AAIPharma has two ICP-MS instruments to provide redundant capabilities and has developed conditions for effective solubilization and methods for quantitative screening analyses that are designed to generate data for risk assessment. The quantitative screening method is effective for providing quantitation of elements of interest without prior knowledge of the sample matrix. Quantitation is based on calibration curves established for each element. The method includes assessment of method performance based on spiked recovery at two levels. “We have had good success with 26-27 elemental impurities in a number of drug products and excipients to date and are enthusiastic about applying this method to a wider number of substances and assisting clients in their efforts to comply with the changing standards,” notes Bordas-Nagy. “The key,” says Harper, “is to get as much data as possible as quickly as possible in order to determine a specification is not needed or that a validated method is required.”

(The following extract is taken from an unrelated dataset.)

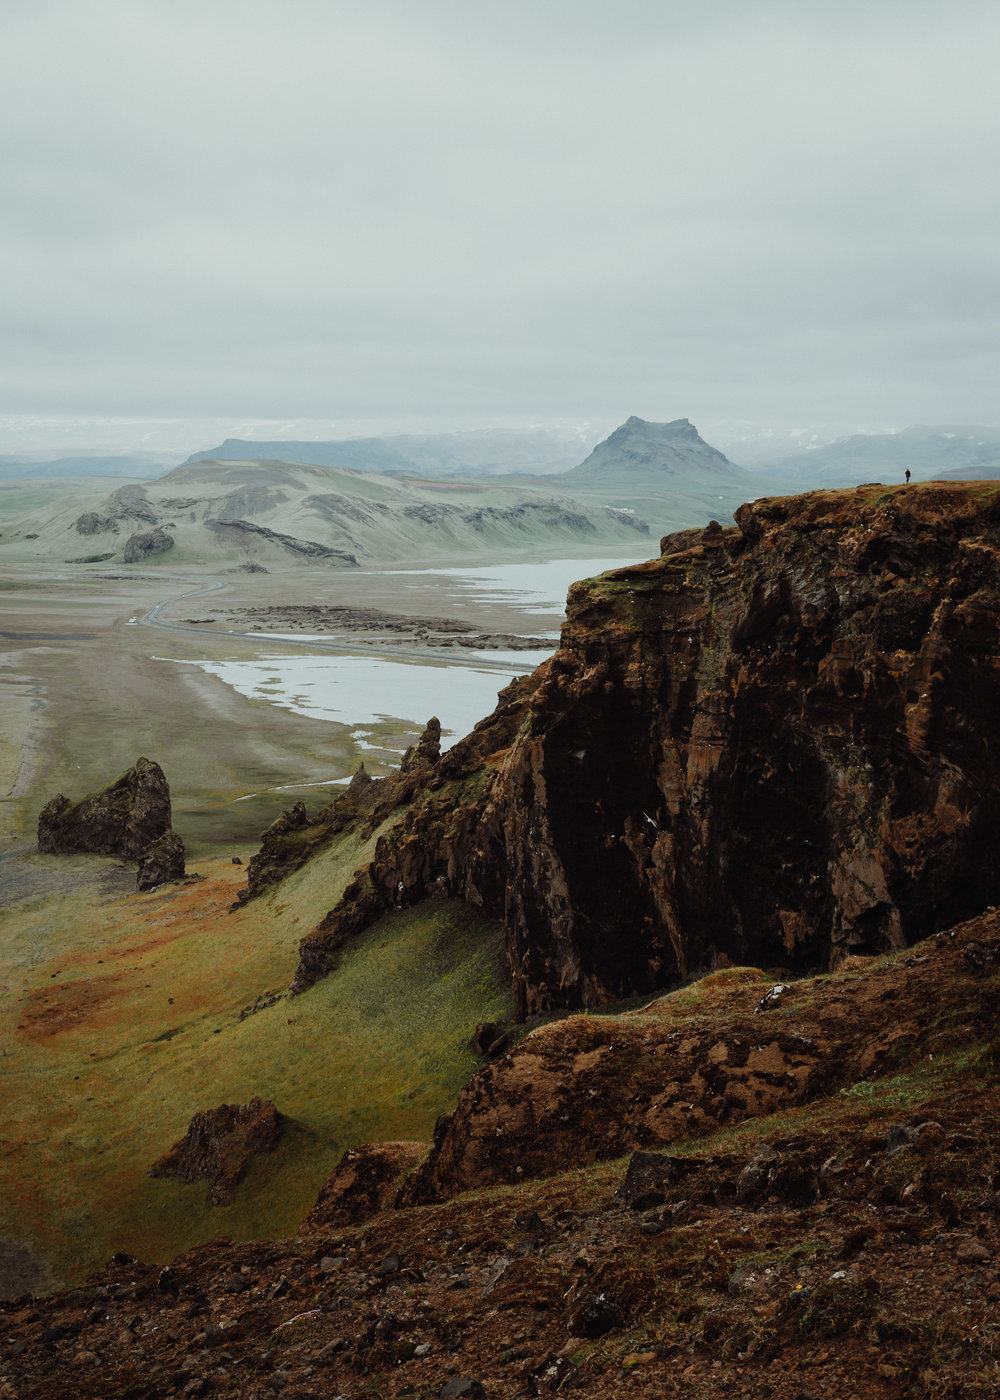 14-iceland-katla-volcano-hiking-anna-elina-lahti-photographer.jpg

To prepare for compliance with new elemental impurities standards, SAFC has developed a draft procedure and checklist to evaluate its raw materials, process water, equipment, and container closure systems with respect to the identification of potential sources of elemental impurities in its regulated products. The company is also working with its biopharmaceutical customers to develop a process to evaluate raw materials that pose the greatest risk to their cell-based processes. “We will follow the regulations with regard to thresholds and have begun to use ICP-MS to systematically monitor many of our raw materials—specifically to develop a good baseline understanding of the trace elements and the levels that we are likely to see in various raw materials. Salts (mined raw materials) have been shown to be more variable in terms of trace metals, and we have been continuing to develop this type of baseline data,” says Benson. She adds that working closely with vendors to determine how much control the company can exercise over this measured variance has been important.

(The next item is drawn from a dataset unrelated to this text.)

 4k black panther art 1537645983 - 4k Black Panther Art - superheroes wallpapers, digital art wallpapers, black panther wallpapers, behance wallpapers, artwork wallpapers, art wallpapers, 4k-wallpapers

USP recently posted proposed revisions to General Chapters <232> for public comment in Pharmacopeial Forum 40(2) with a comment deadline of May 31, 2014. The revisions to <232> convey USP’s review of and subsequent partial alignment with the ICH Q3D Step 2b limits. “USP’s proposed limits reflect a review of published toxicological data and studies, as well as expert review by toxicologists serving on USP’s Elemental Impurities Expert Panel. In some cases, USP’s proposed limits diverge from the Q3D Step 2b limits, and USP has notified ICH of these divergences via a comment letter on the Q3D Step 2b document,” Zaidi notes.
“Our approach to the lack of full harmonization is to take the most conservative approach and select the lowest limits in all of the existing and proposed standards,” comments Bordas-Nagy. “With such a strategy, we ensure that both our own products and those of our clients are in compliance,” he concludes.